▸ **GIVEN MATERIAL**:
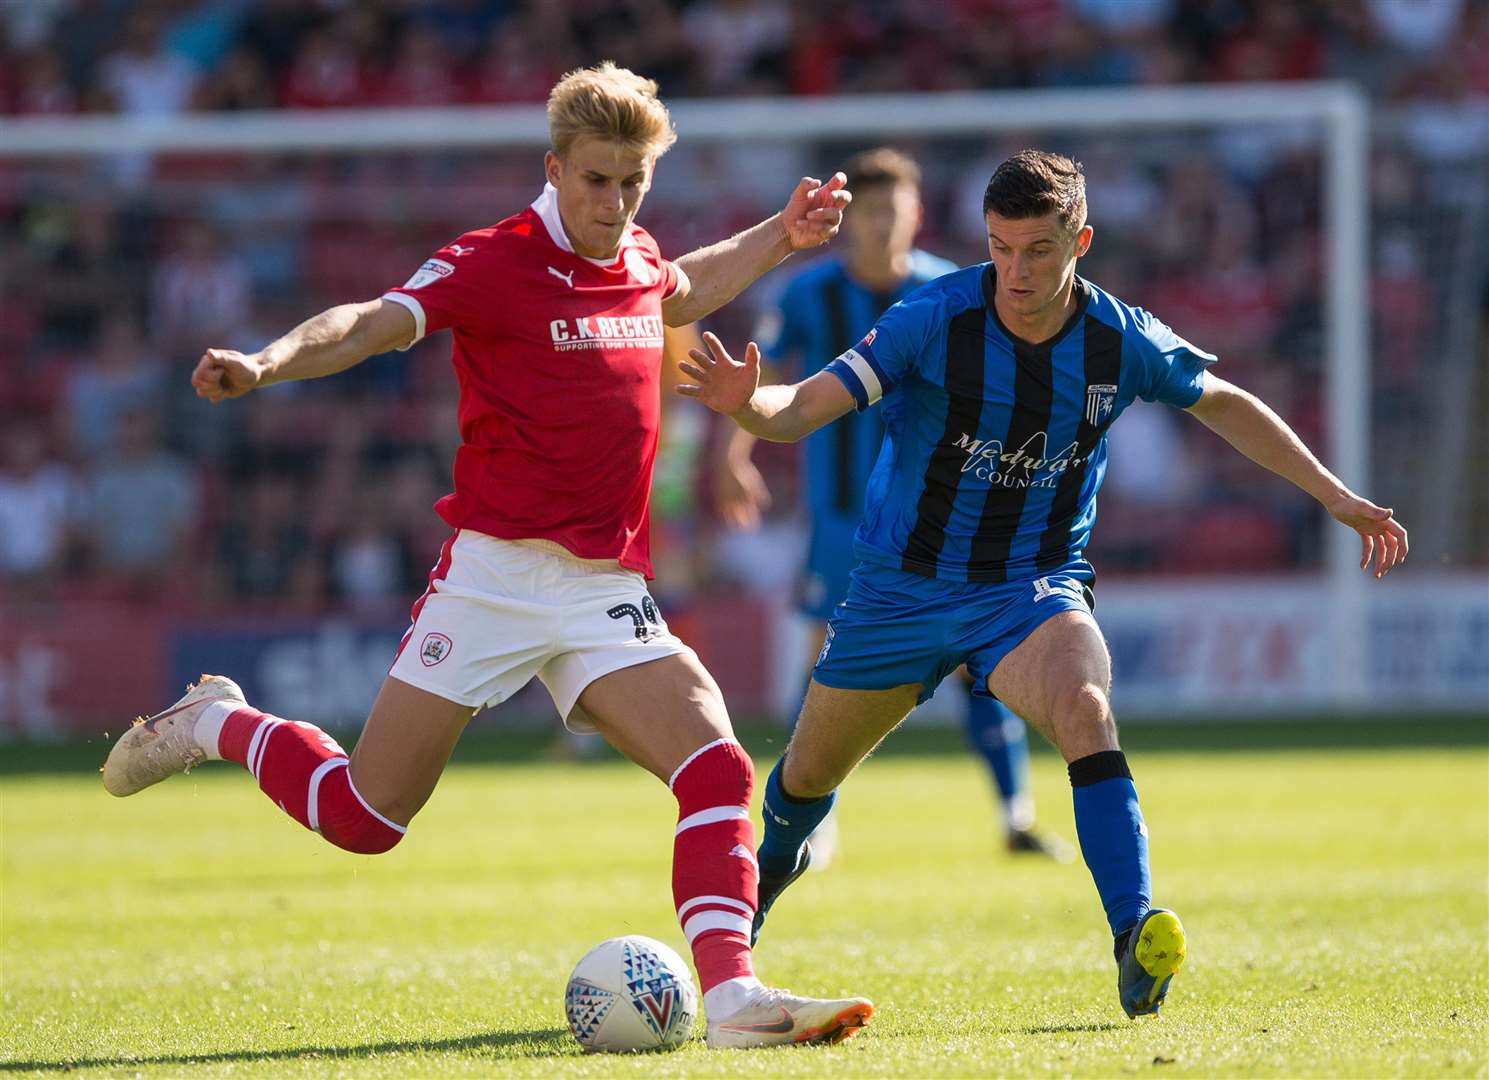 Callum Reilly in action for the Gills at Barnsley Picture: Ady Kerry
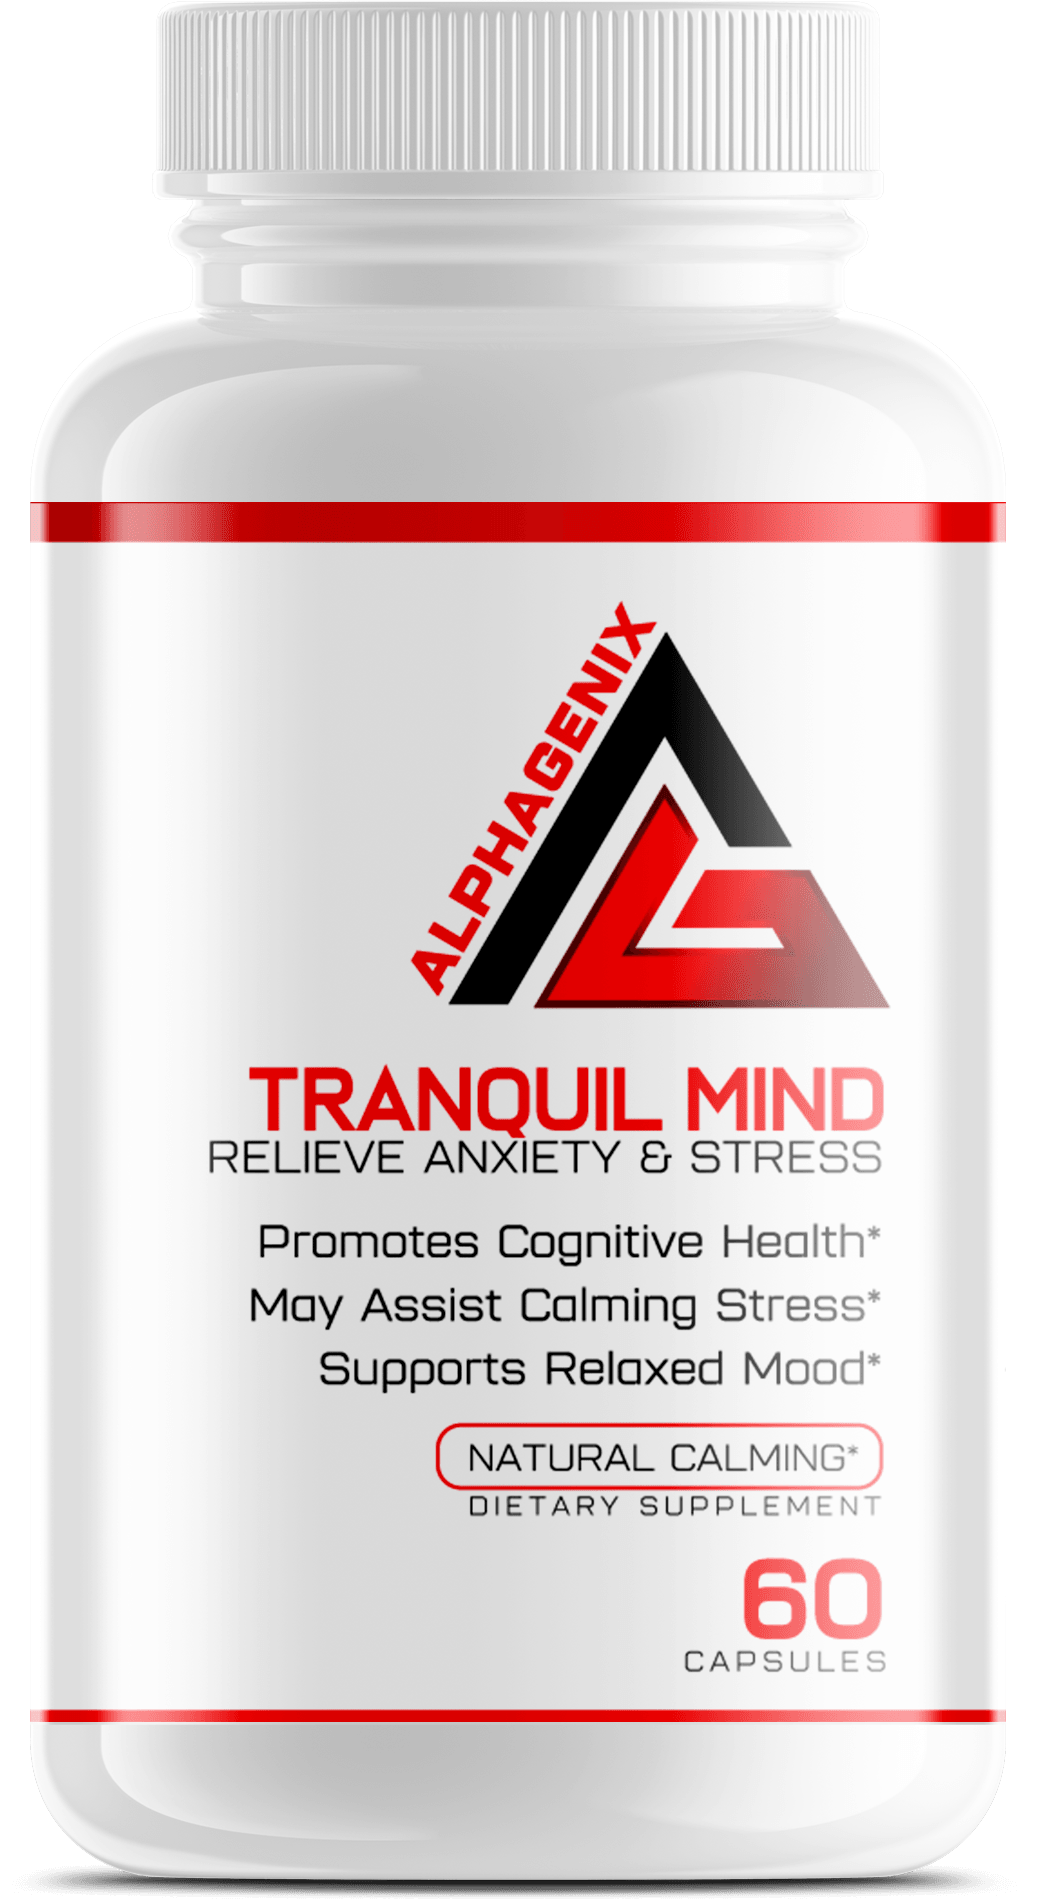 TranquilMind - Supports Cognitive Health & A Calm, Relaxed Mood - AlphaGenix
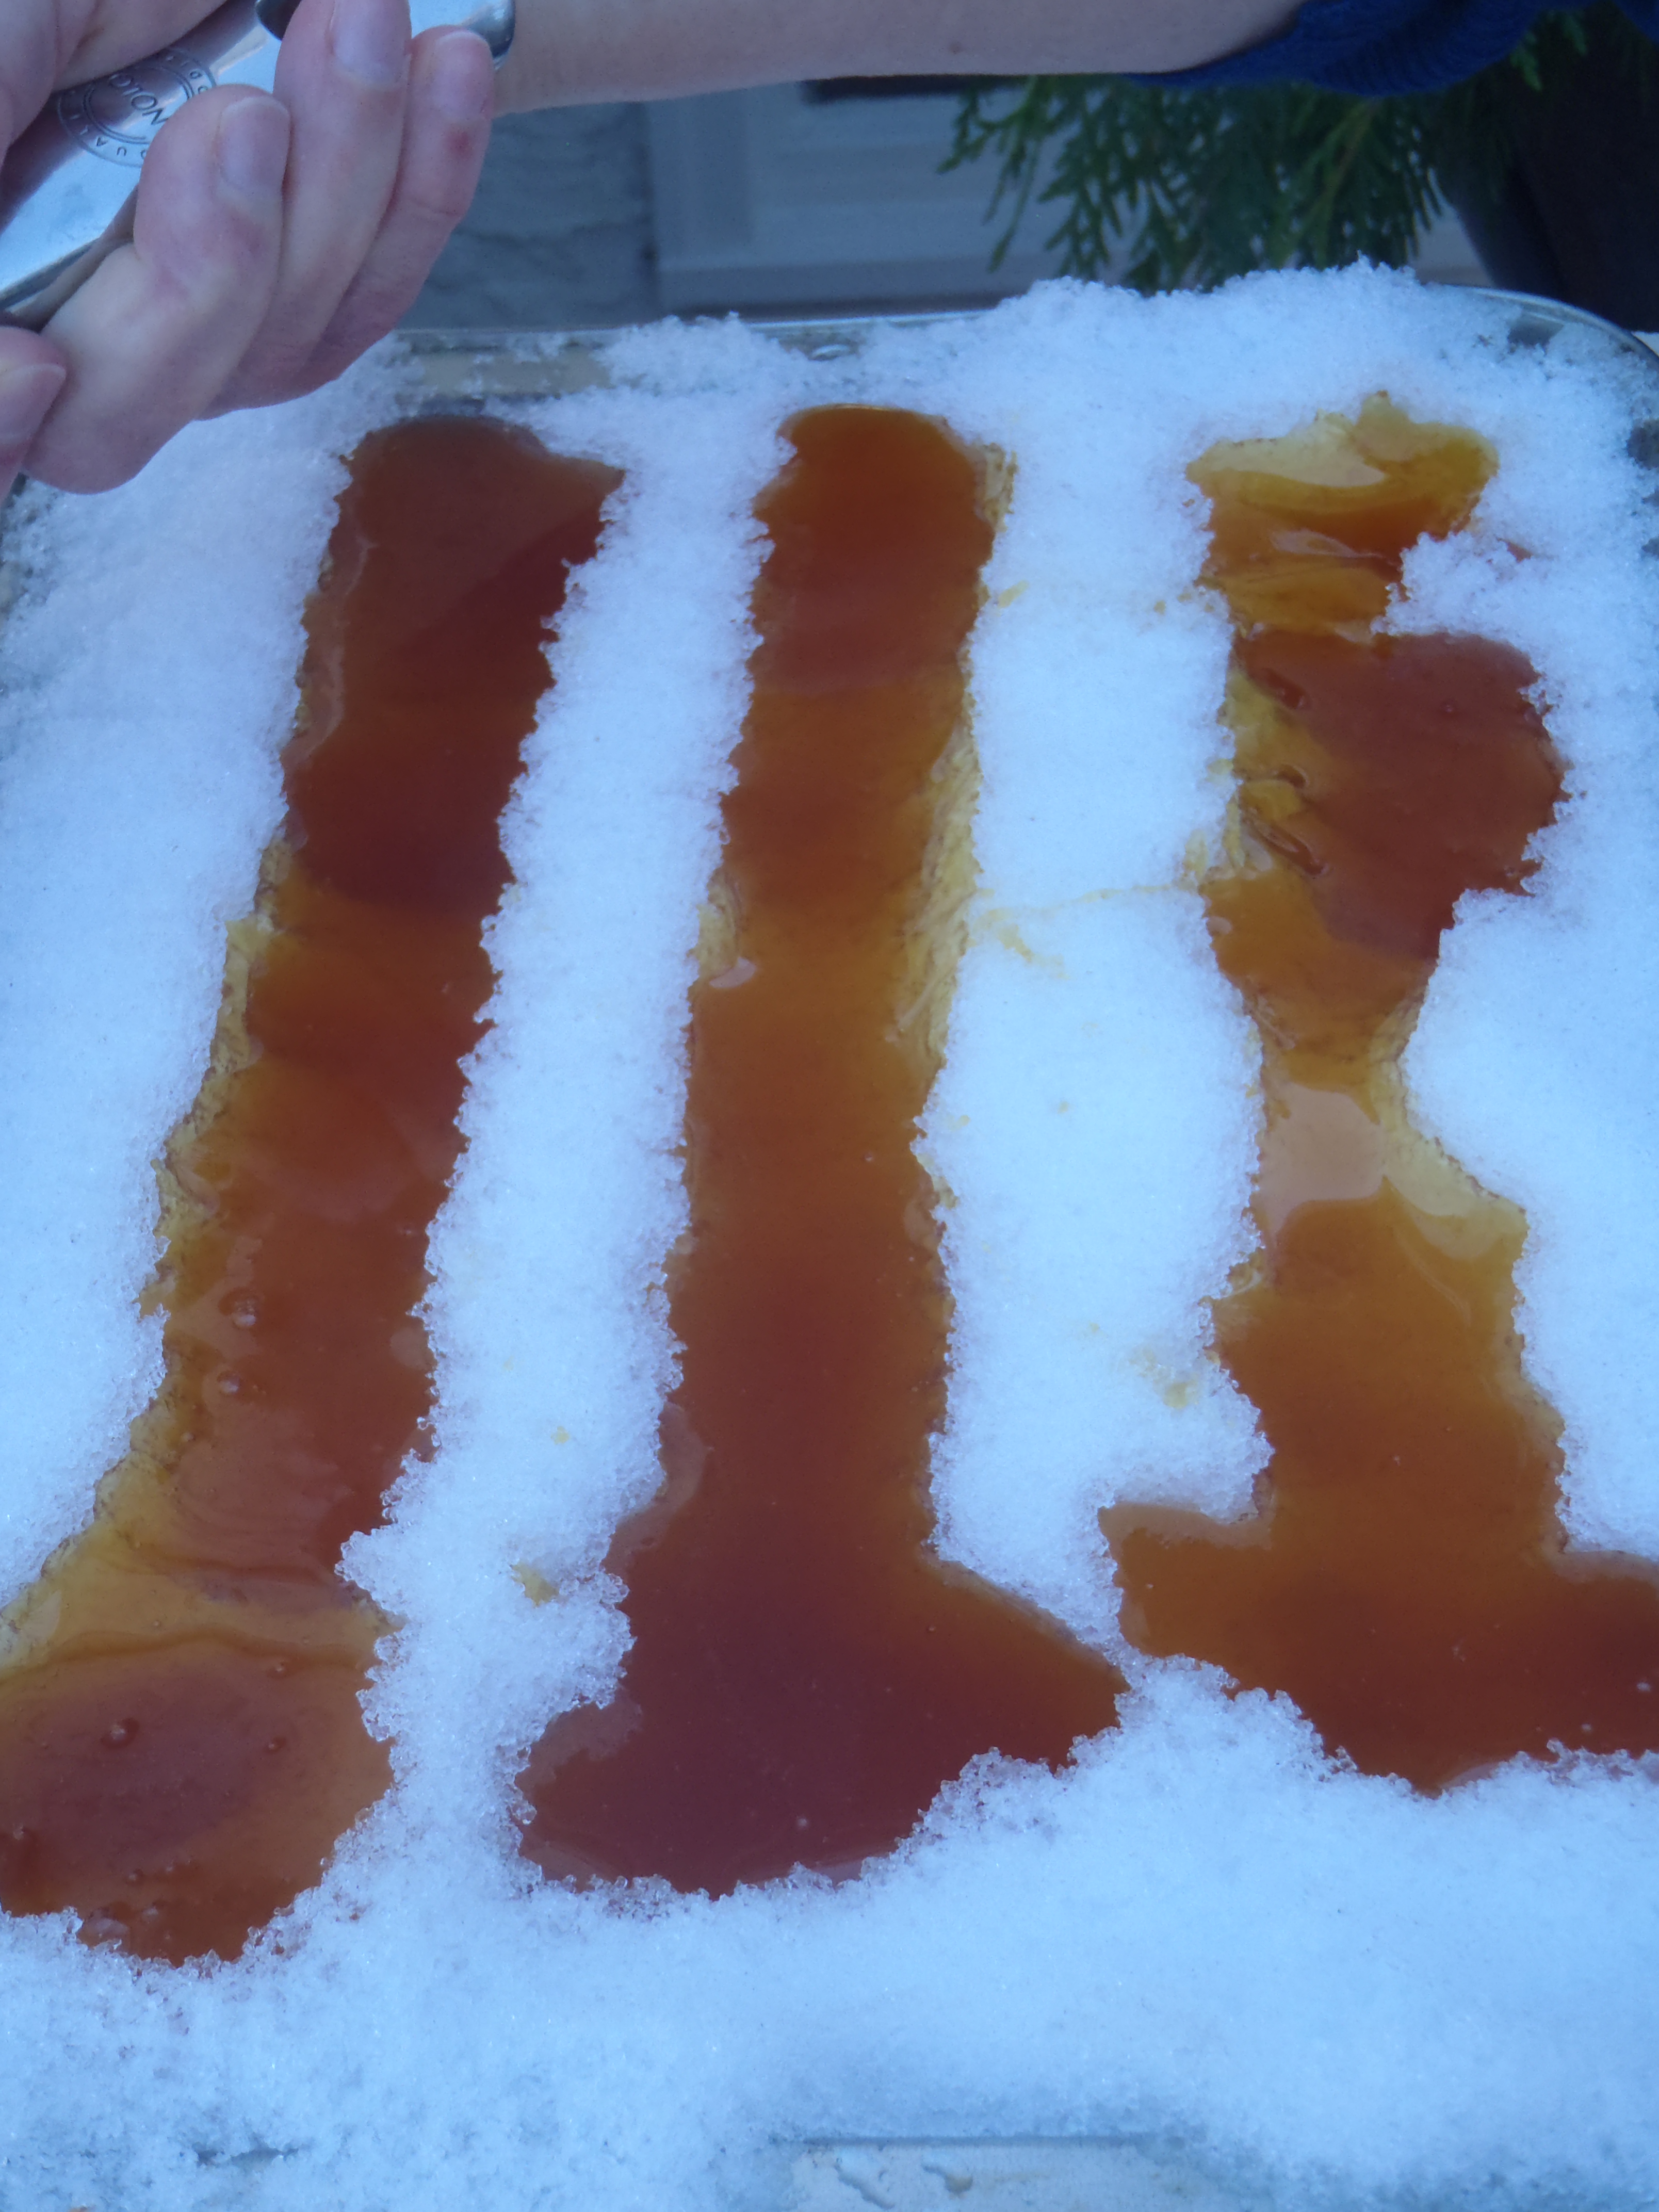 Pouring maple syrup onto fresh snow

▸ **AIM OF THE TASK**: Please produce an exact copy of all the material, leaving out the pictures.

▸ **SOLVED PROBLEM**:
 Callum Reilly in action for the Gills at Barnsley Picture: Ady Kerry
 TranquilMind - Supports Cognitive Health & A Calm, Relaxed Mood - AlphaGenix
 Pouring maple syrup onto fresh snow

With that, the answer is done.